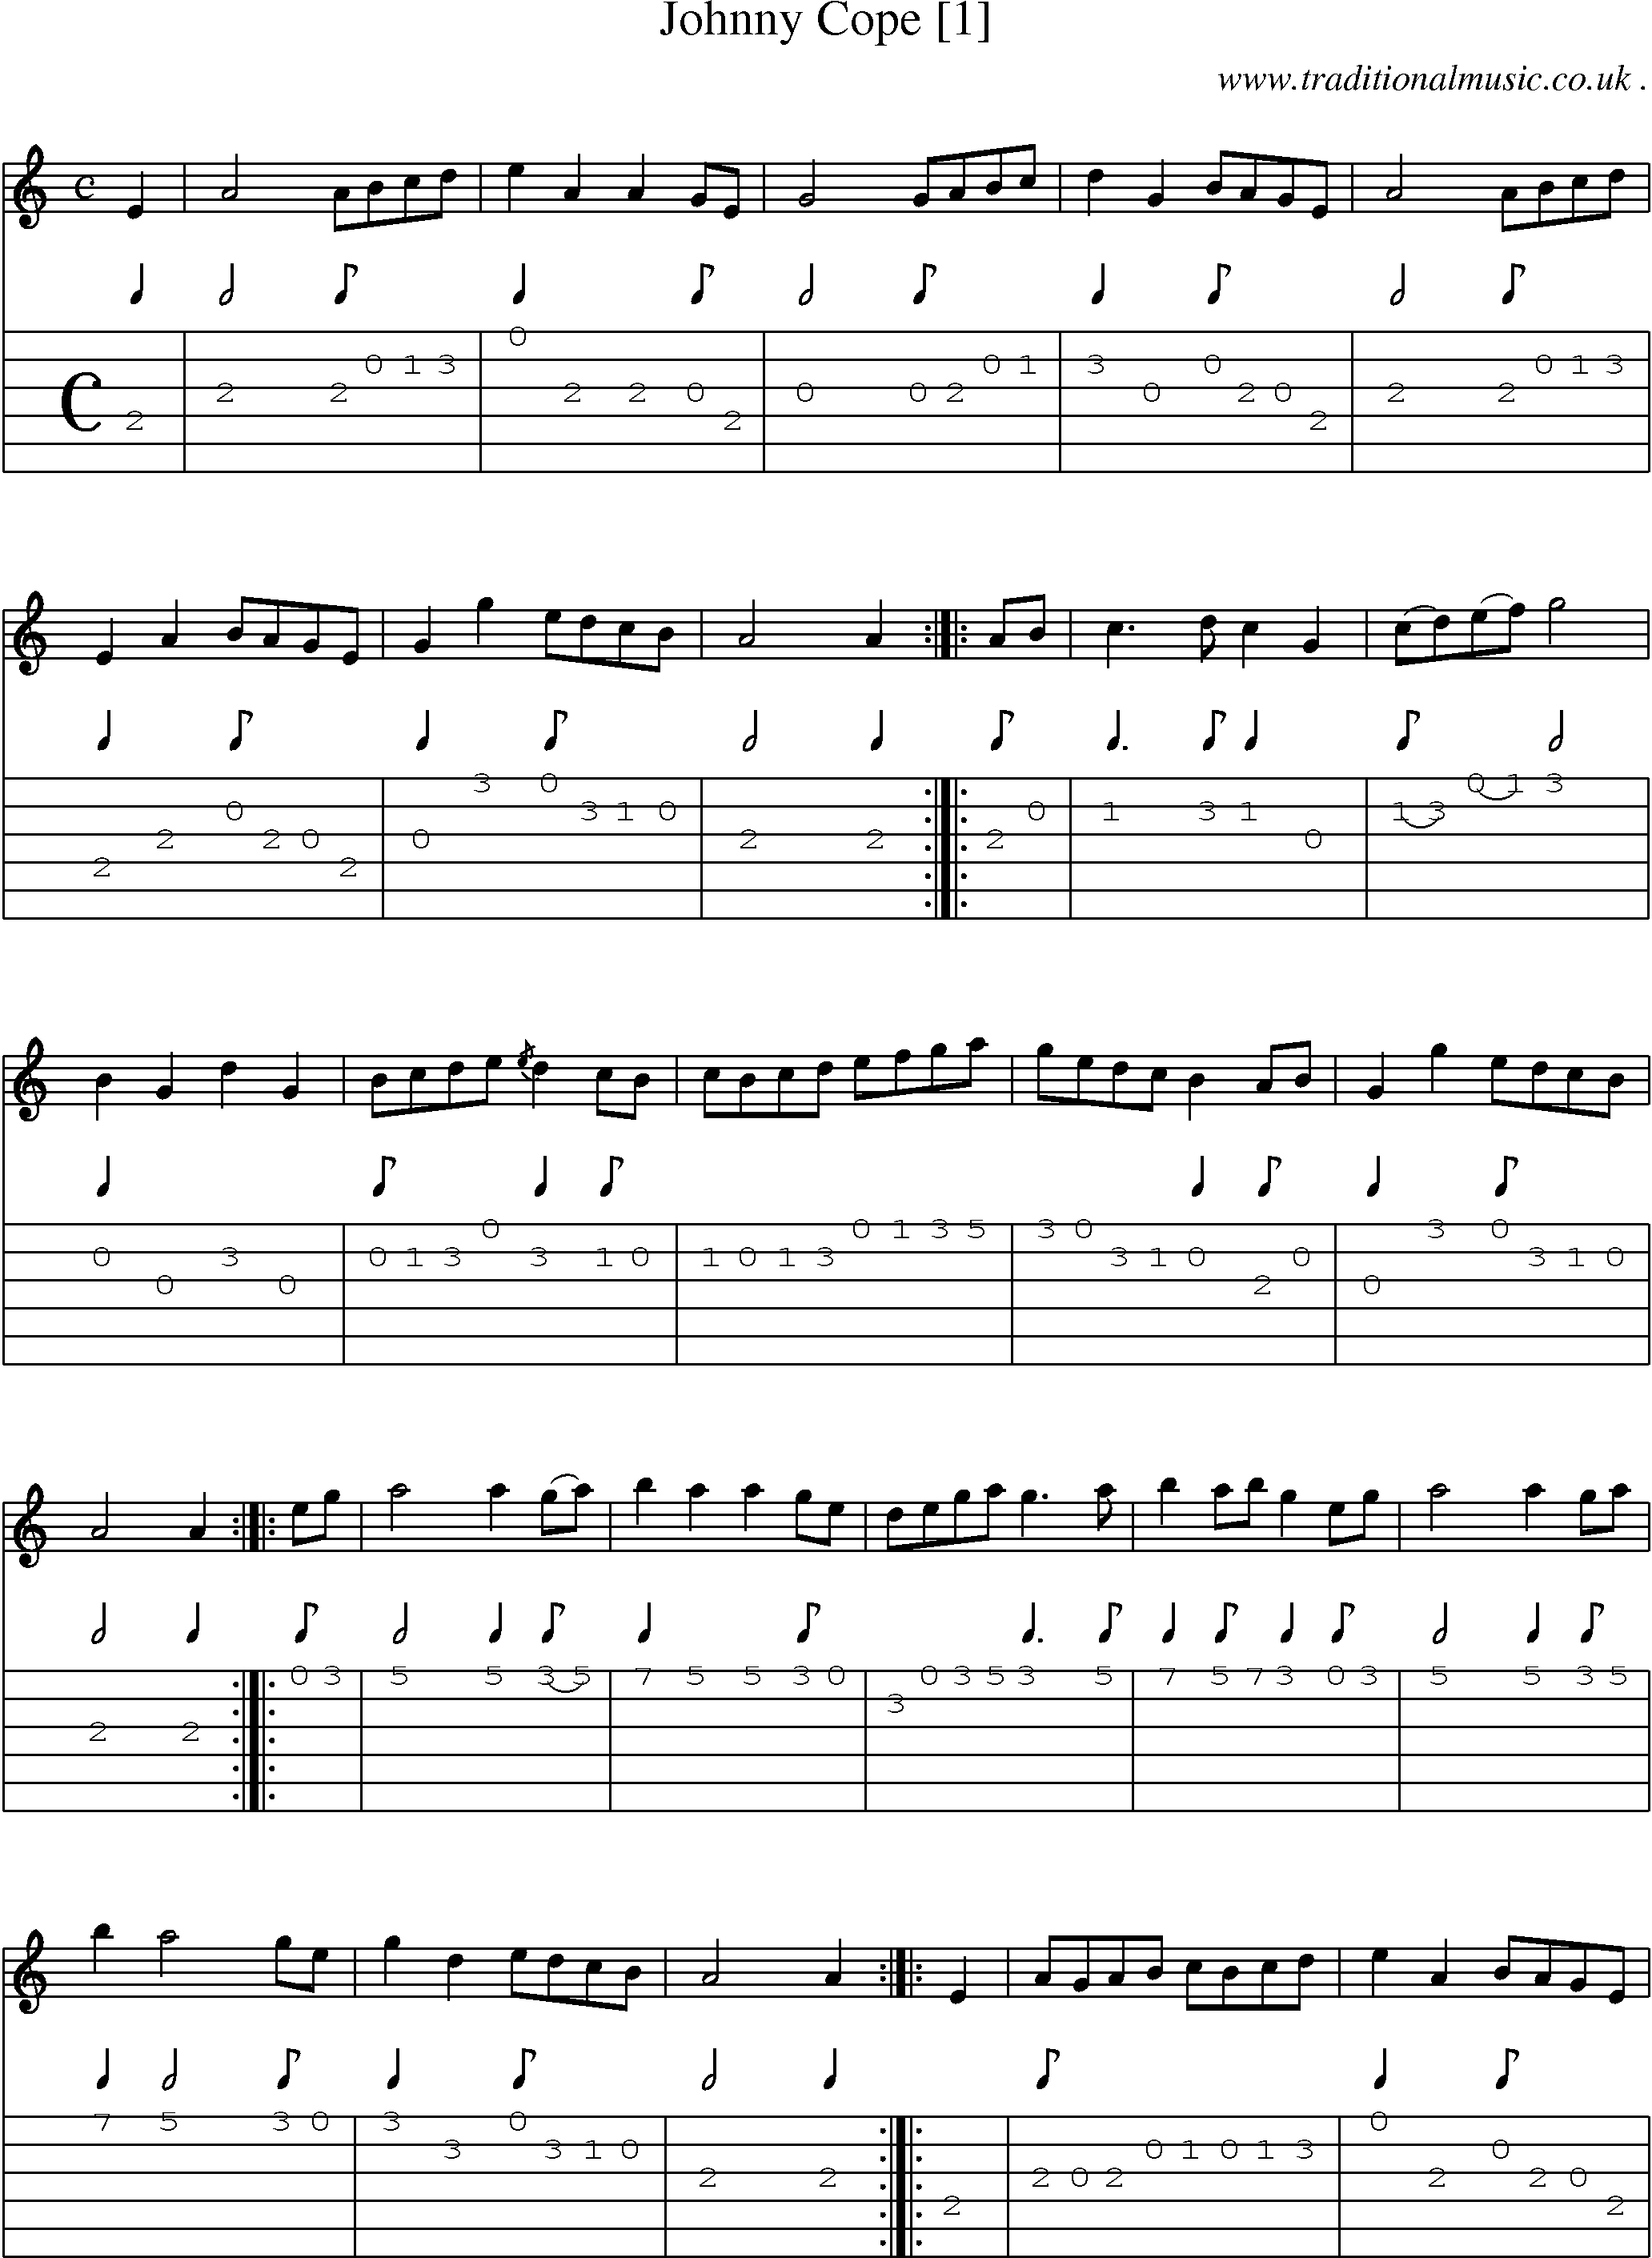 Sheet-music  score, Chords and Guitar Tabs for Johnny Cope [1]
------------------------------------------------
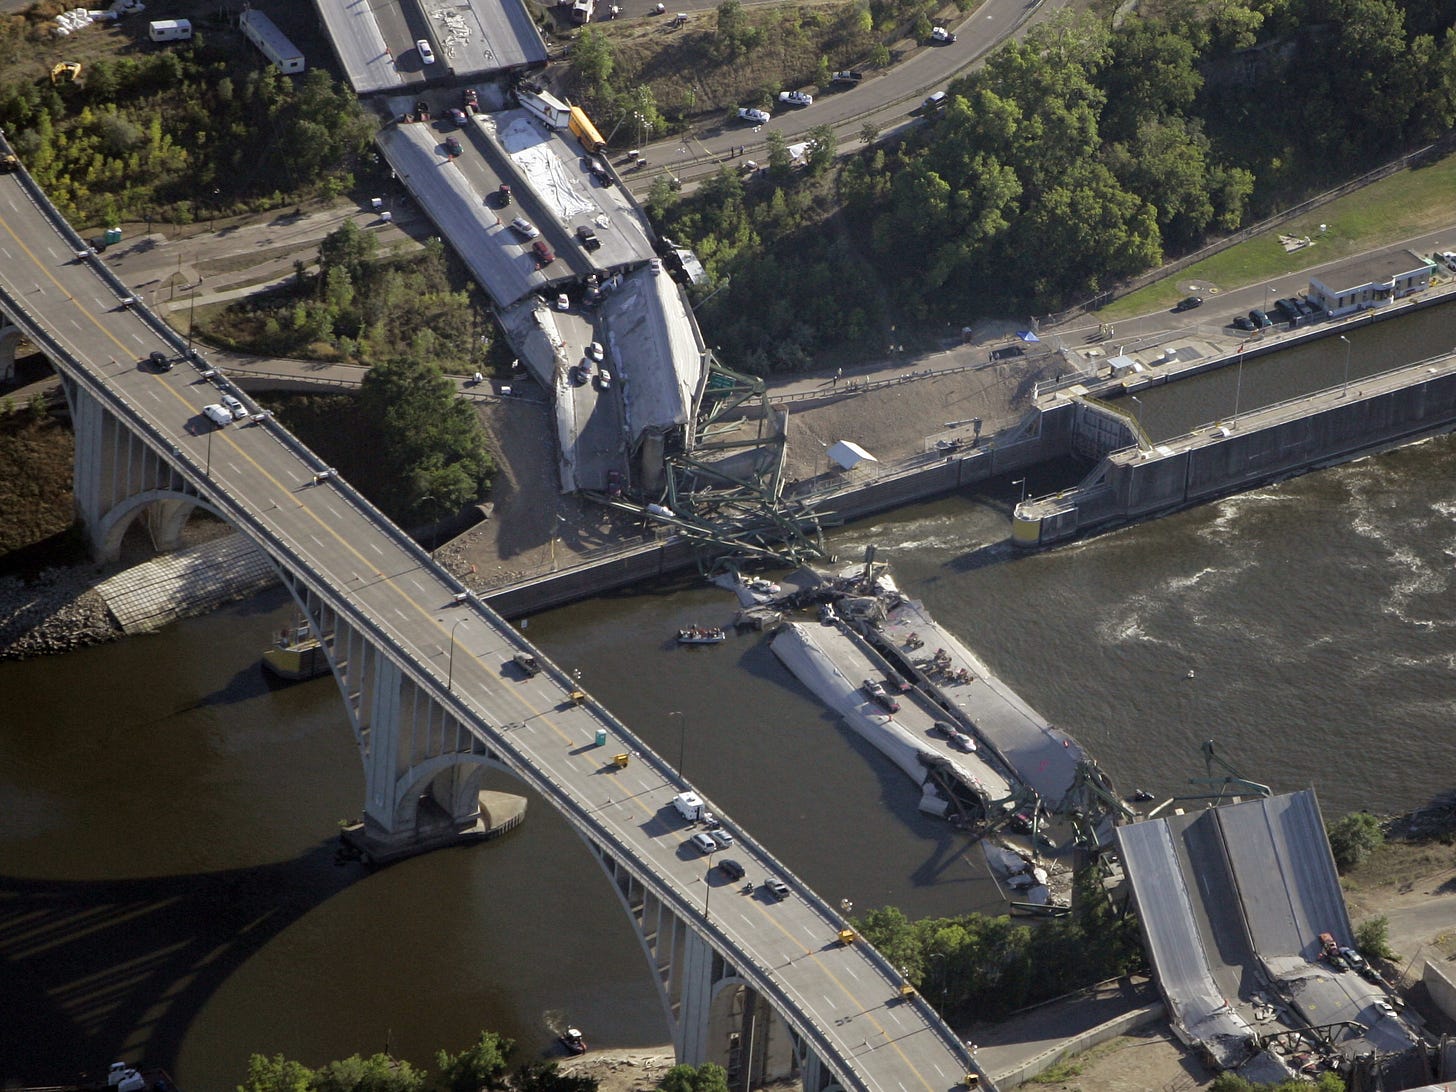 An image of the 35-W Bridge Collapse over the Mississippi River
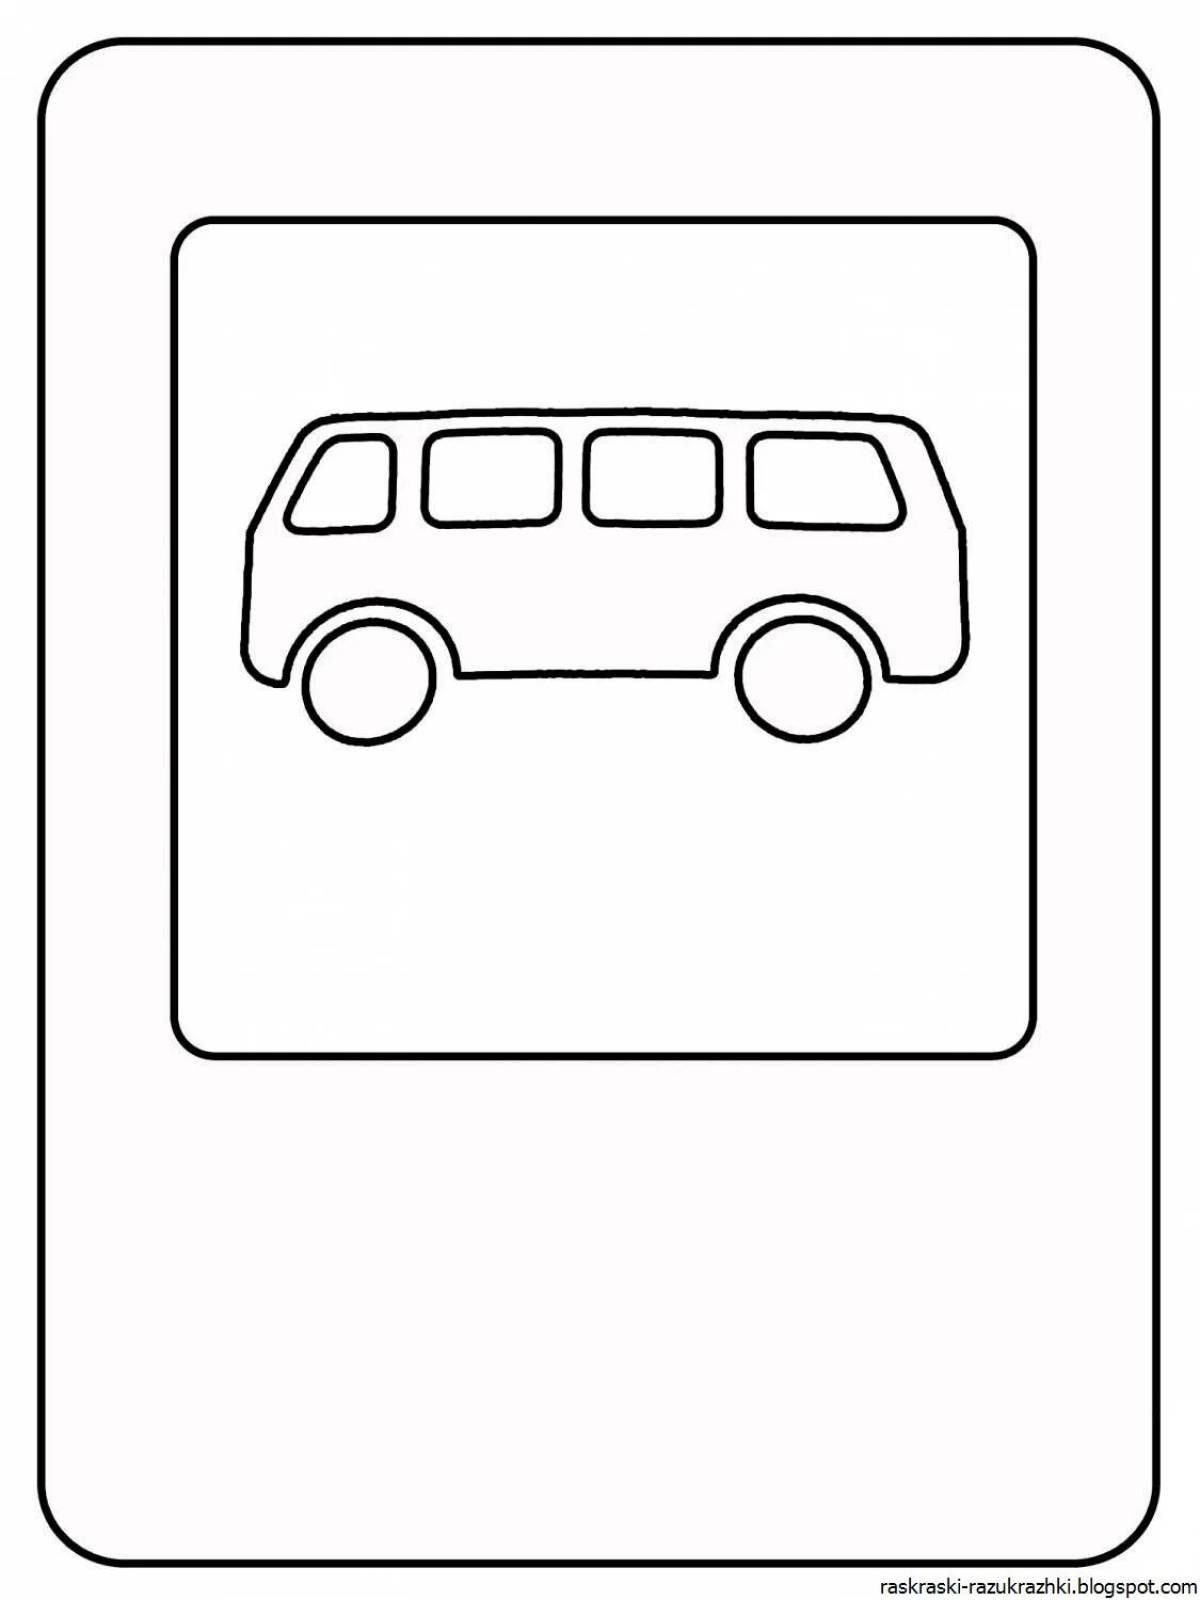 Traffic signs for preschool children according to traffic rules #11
------------------------------------------------
ACTION ITEM:
Transcribe, word for word, the lines of the listing above from the one that contains "An image of" through the one that contains "Traffic signs for", keeping both ends and dropping the pictures.

RESPONSE AREA:
 An image of the 35-W Bridge Collapse over the Mississippi River
 Traffic signs for preschool children according to traffic rules #11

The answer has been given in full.